1. Define your torque and speed requirements: Calculate the torque needed at the shaft (including gearing) and the required speed range. If you need very high starting torque with variable speed under heavy load, a series or compound brush DC motor is appropriate. If you need constant speed under variable load, a shunt or BLDC motor is better suited.
2. Assess the duty cycle and service life expectation: For motors running continuously or for thousands of hours per year, the maintenance-free nature of a BLDC motor justifies its higher initial cost. For intermittent use in a low-cost product, a PMDC brush motor is more economical.
3. Evaluate the operating environment: Dusty, humid, or potentially flammable environments rule out brush DC motors due to arcing and carbon dust. BLDC motors are required in explosion-proof or cleanroom applications.
4. Consider control system complexity and cost: If your system budget is tight and speed control is simple (on/off or basic PWM), a brush DC motor with a simple driver is the right choice. If you need precision speed or position control, invest in a BLDC motor with an appropriate controller.
5. Factor in total system cost over the product lifecycle: A BLDC motor may cost 2–3 times more than a comparable brush DC motor upfront, but eliminates brush replacement costs and downtime over the product's life. For a motor running 8 hours per day, the BLDC typically reaches cost parity within 1 to 3 years of operation.

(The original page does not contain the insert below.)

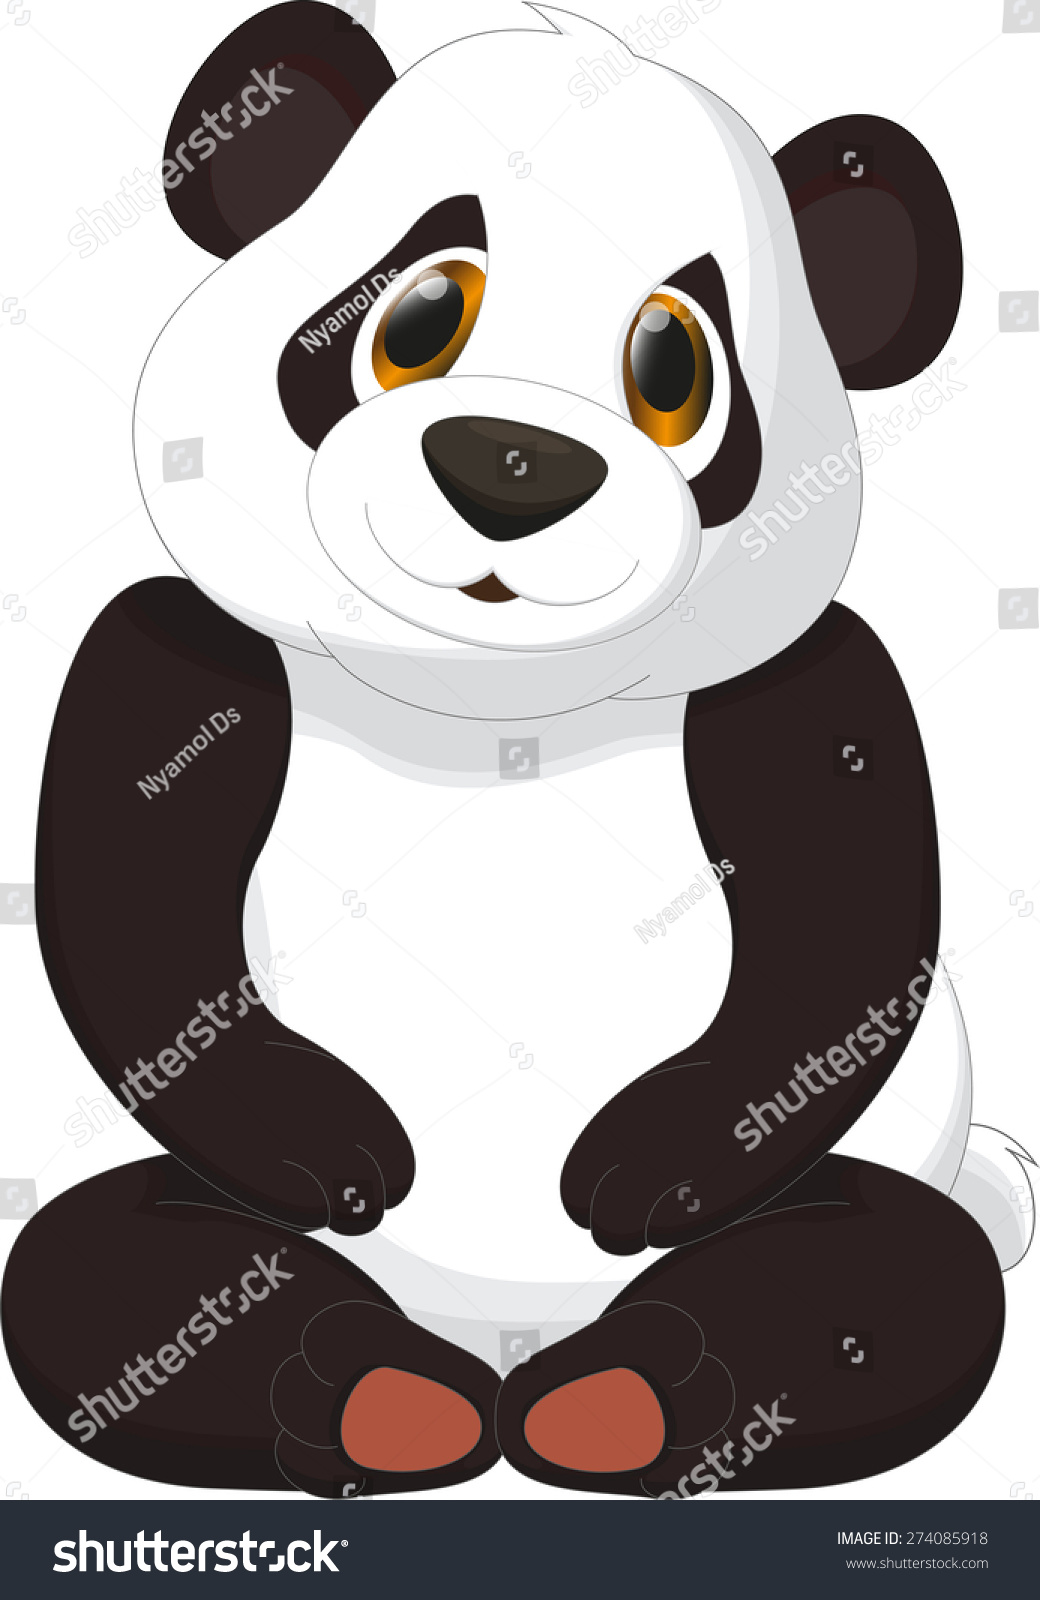 Cute Panda Cartoon Stock Photo 274085918 : Shutterstock

The Shift Toward Brushless DC Motors in Modern Applications

The global brushless DC motor market was valued at approximately $15 billion in 2023 and is projected to exceed $25 billion by 2030, driven primarily by electric vehicle adoption, industrial automation, and energy efficiency regulations in HVAC equipment. Meanwhile, the market for brush DC motors remains significant — particularly in low-cost consumer goods and automotive auxiliary applications — but new design wins increasingly favor brushless technology.

The falling cost of power electronics and motor controllers has been the key enabler. A basic BLDC motor driver chip that cost $8–12 in 2010 is now available for under $2, making brushless technology economically viable in products previously dominated by brush DC motors. Cordless power tools are a clear example: the majority of professional-grade cordless tools launched after 2018 use brushless motors, replacing the PMDC brush motors that dominated the category for decades.

Despite this trend, brush DC motors will remain relevant for many years. Their simplicity, low system cost, and ease of control ensure a place in cost-sensitive, low-duty-cycle applications where the operating economics of brushless technology cannot be justified.